Расстрельный конвейер
С приходом большевиков осенью 1920 г. под солнцем Тавриды разыгралась драма апокалипсического масштаба. Расстрелы, террор и массовый голод – таким было установление советской власти в Крыму, ставшим воистину красным от пролитой крови. Севастополь не стал исключением. Именно здесь, наряду с Феодосией, Ялтой и Симферополем, массовые казни имели особенно широкий размах.
15 ноября 1920 г. в город вошли части 51-й стрелковой дивизии под командованием Василия Блюхера и 1-й Конной армии Семена Буденного. Очевидцы вспоминали, что раньше войск в город въехал огромный бронеавтомобиль.
«Из нескольких бойниц смотрели тонкие стволы пулеметов, они то и дело давали очереди в воздух, по-видимому, для острастки. Но самое страшное было не в этом. Броня этого фургона была выкрашена в цвет хаки и в нескольких местах украшена красными пятиконечными звездами, а вдоль корпуса большими красными буквами было написано «Антихрист».[6]
Многие обыватели посчитали это недобрым знаком, предзнаменованием грядущих несчастий. При этом, однако, никто не мог себе даже представить, что реальность окажется во сто крат ужаснее и страшнее всяких предчувствий.

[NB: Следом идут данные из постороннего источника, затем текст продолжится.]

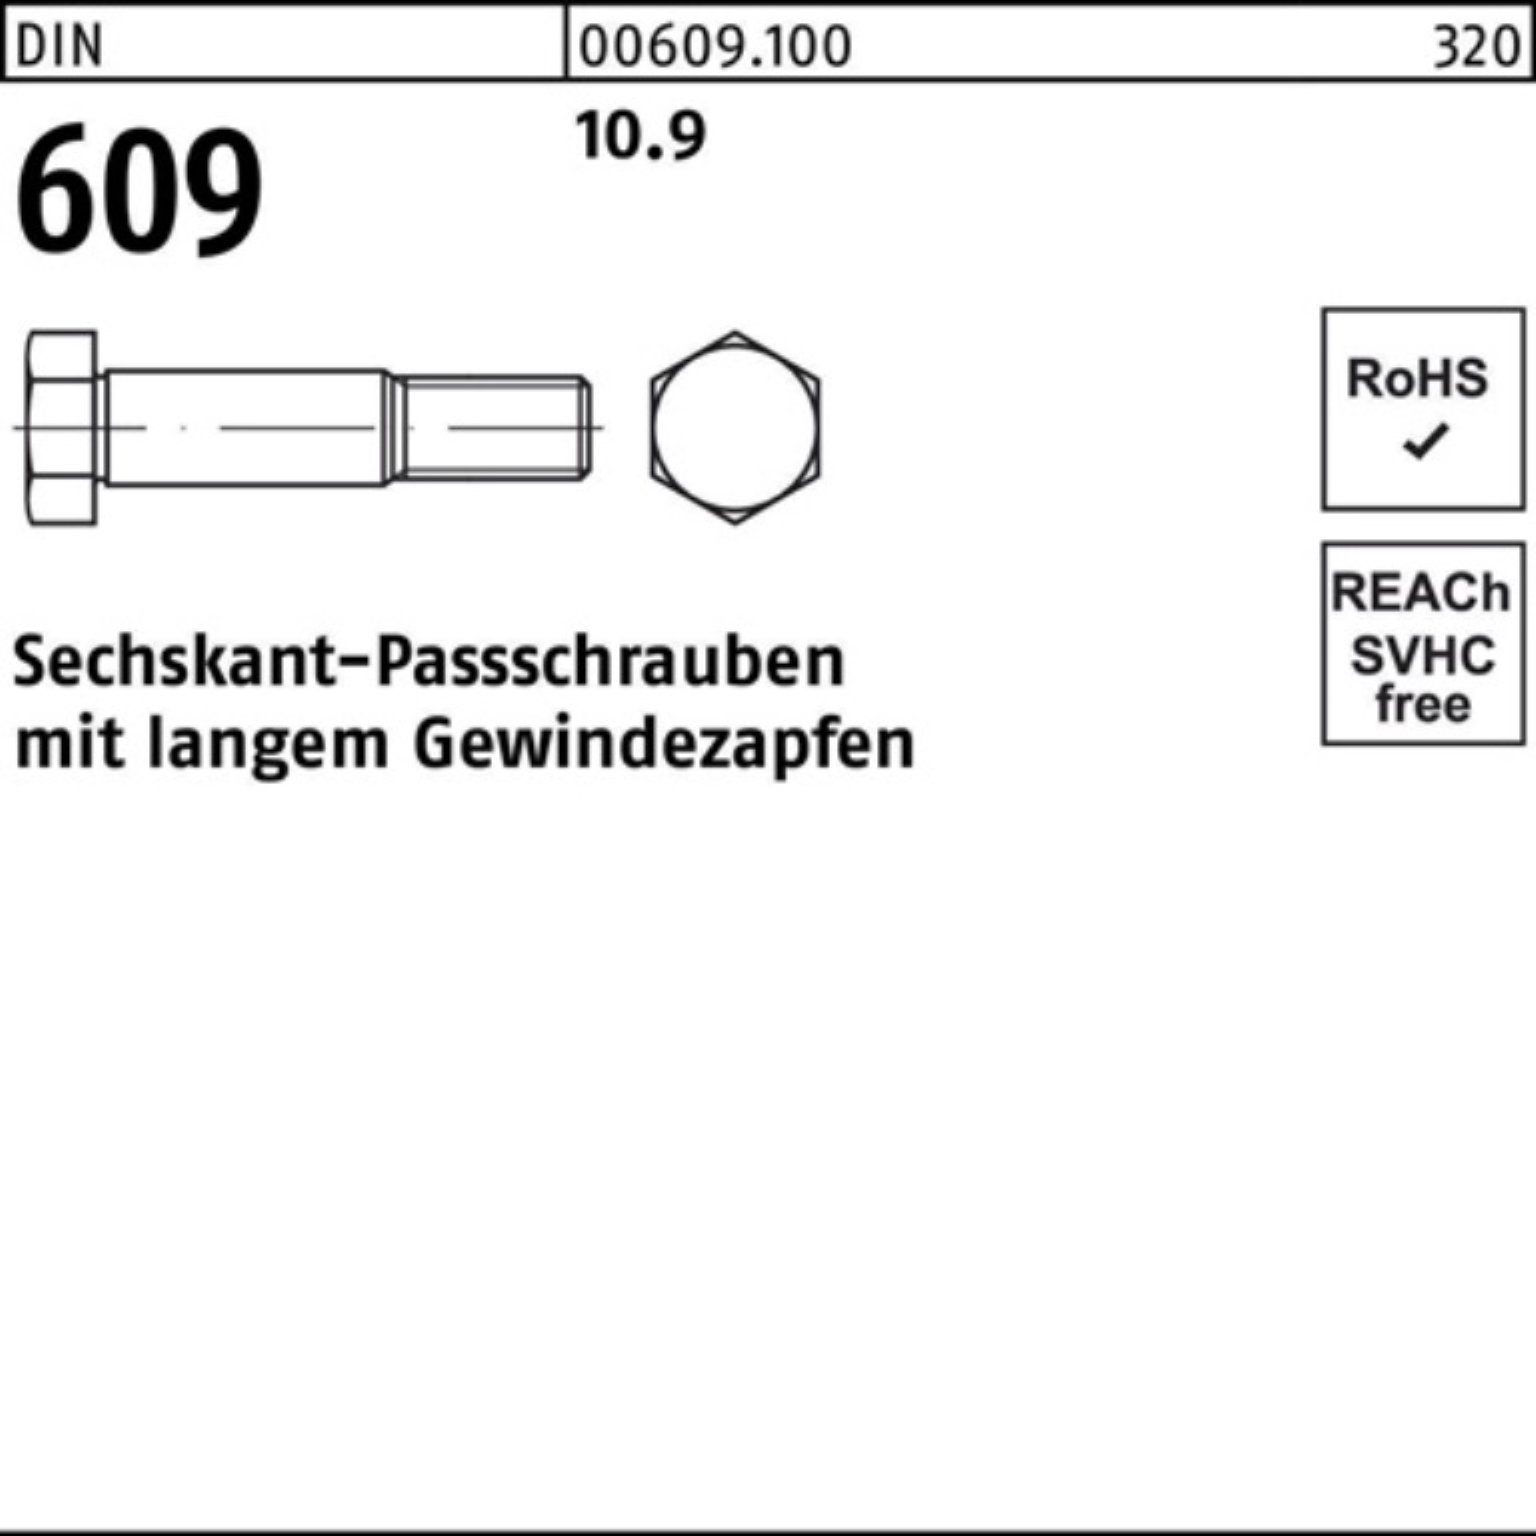 Pack DIN Schraube Reyher M8x 609 langem 100er Gewindezapfen Sechskantpassschraube 1 40

После эвакуации Русской эскадры в городе оставалось немало бывших офицеров и солдат Белой армии, поверивших обещаниям об амнистии, данным накануне красным командованием; гражданских и военных чиновников, беженцев. По мнению высшего партийного советского руководства, все эти люди являли собой источник потенциальной угрозы.
В результате практически сразу после занятия полуострова красными началась «дикая, ужасная расправа, - страшная кровавая крымская вакханалия. <…> История знает ужасные случаи массовых человекоистреблений, но не было еще среди человечества подобной бойни»[7].

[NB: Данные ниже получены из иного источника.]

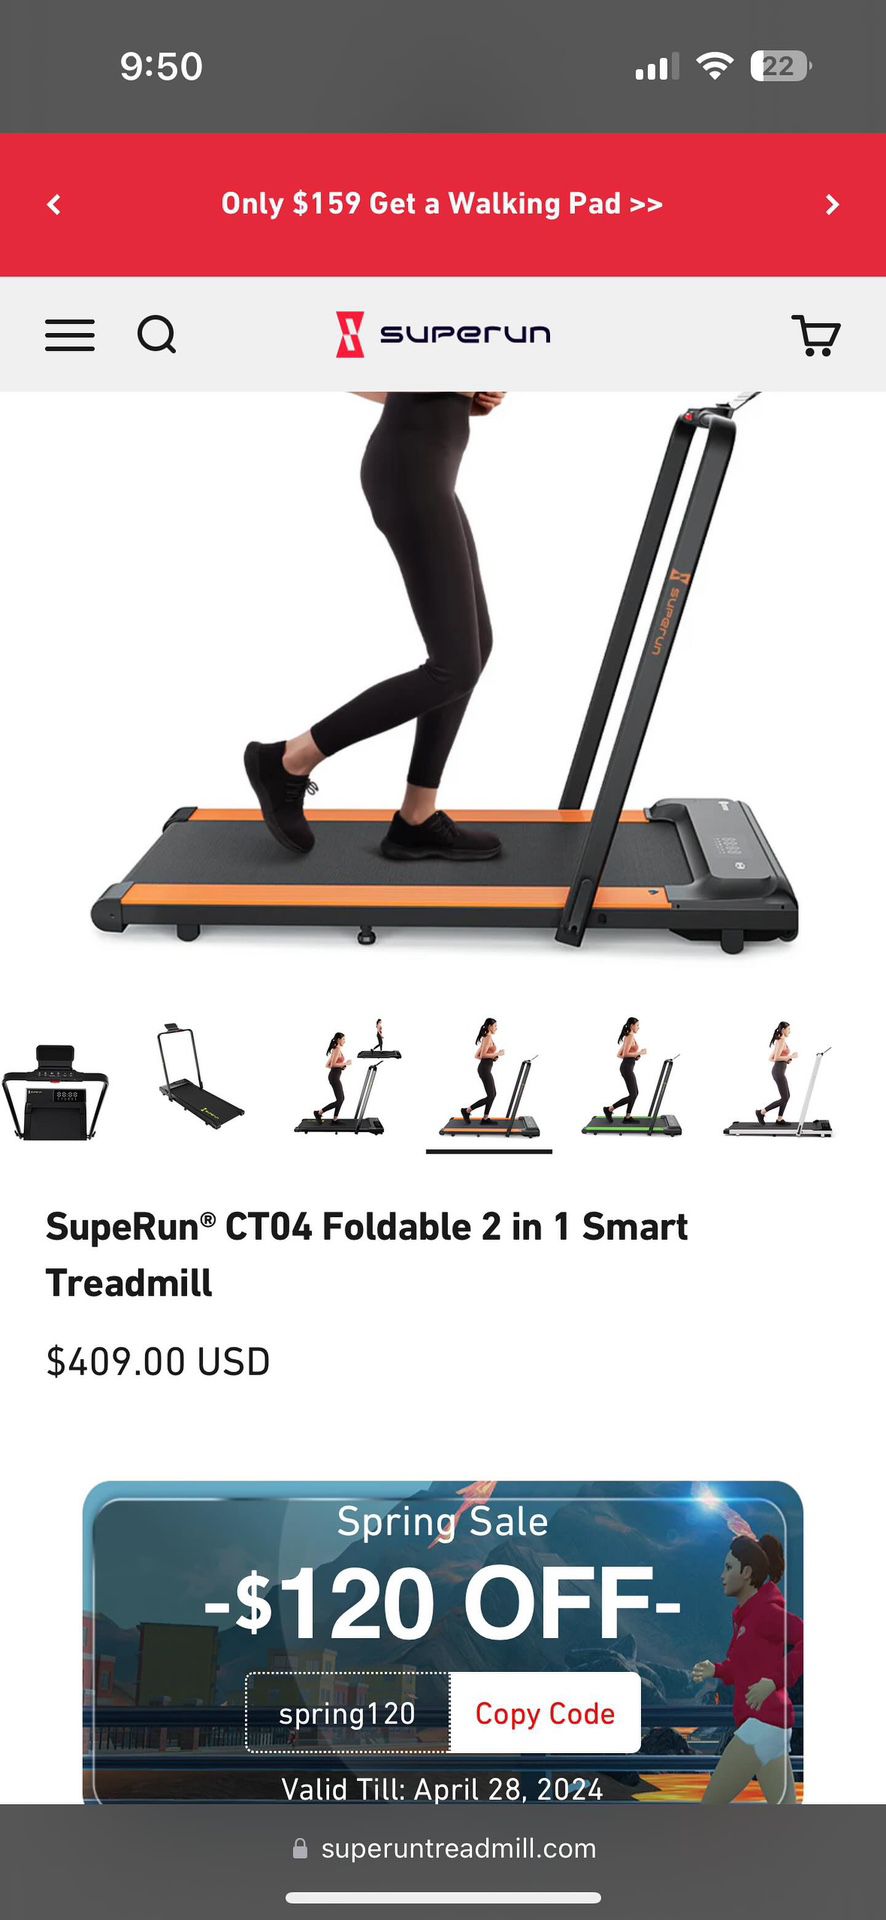 SupeRun CT04 Foldable 2 in 1 Smart Treadmill

«Бежали - зрячие. Под землю ушли - слепые»[8], - написал в своей пронзительной книге «Солнце мертвых» живший в то время в Алуште известный литератор Иван Шмелев. (Единственного сына писателя, 25-летнего артиллерийского офицера-инвалида Сергея Шмелева, казнили в окрестностях Феодосии).
Вскоре после вступления частей Красной армии в Севастополь в городе была объявлена регистрация. Поначалу людей регистрировали и распускали по домам. Но вскоре вышел новый приказ, объявивший повторную регистрацию, и все пришедшие на нее были арестованы и в подавляющей своей массе - расстреляны.

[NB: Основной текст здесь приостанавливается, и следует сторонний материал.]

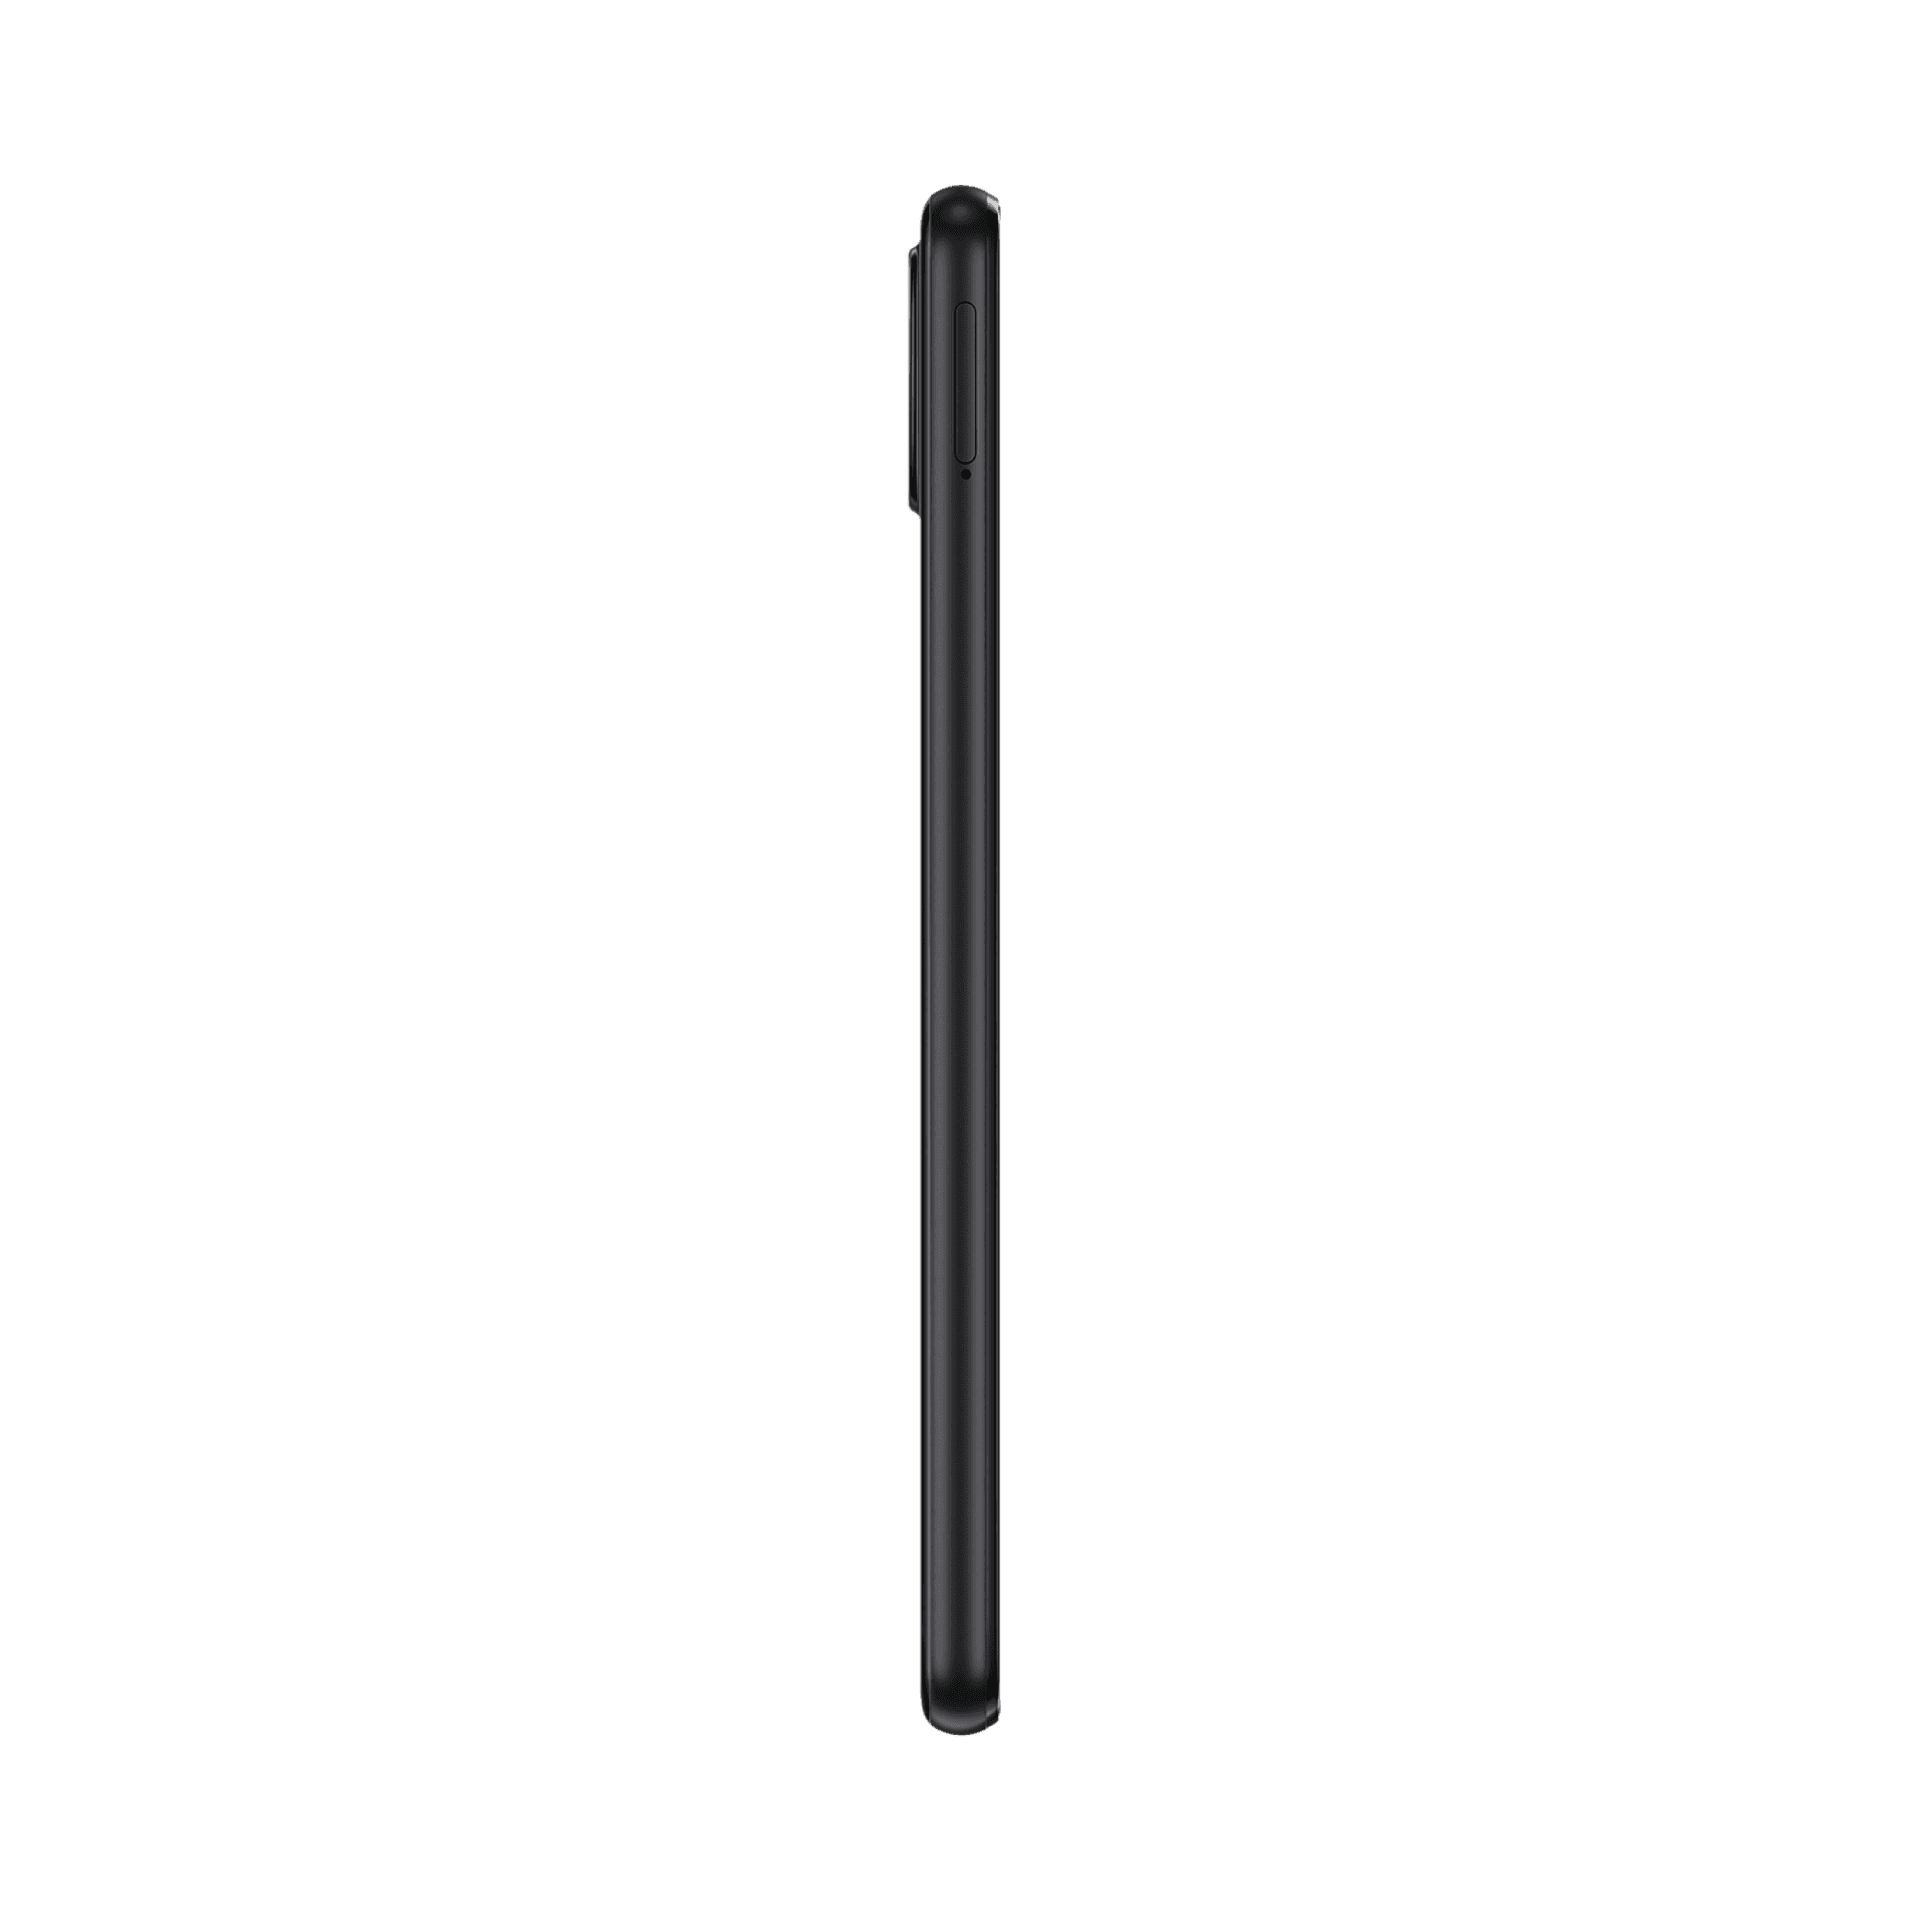 Samsung Galaxy A22 - 128 GB - Siyah

Одним из мест массового уничтожения стала Максимова дача...
По воспоминаниям современников, сюда привозили на грузовиках все новые и новые партии смертников и под покровом ночи казнили. Чаще всего расстрелы происходили у каменной стены рядом с прямоугольным бассейном парка. После тела убиенных складывали на подводы и хоронили в окрестных оврагах.
Массовые убийства в Севастополе происходили и в других местах – территории современного Херсонесского заповедника, городском, Английском и Французском кладбищах. Однако бесспорное «лидерство», без сомнения, сохранялось за Максимовой дачей. Усадьба севастопольского градоначальника стала единой братской могилой для сотен людей. Расстрельные списки с именами некоторых из них опубликованы в выпущенном в Киеве в 2005 г. исследовании Леонида Абраменко «Последняя обитель. Крым, 1920-1921 годы».[9]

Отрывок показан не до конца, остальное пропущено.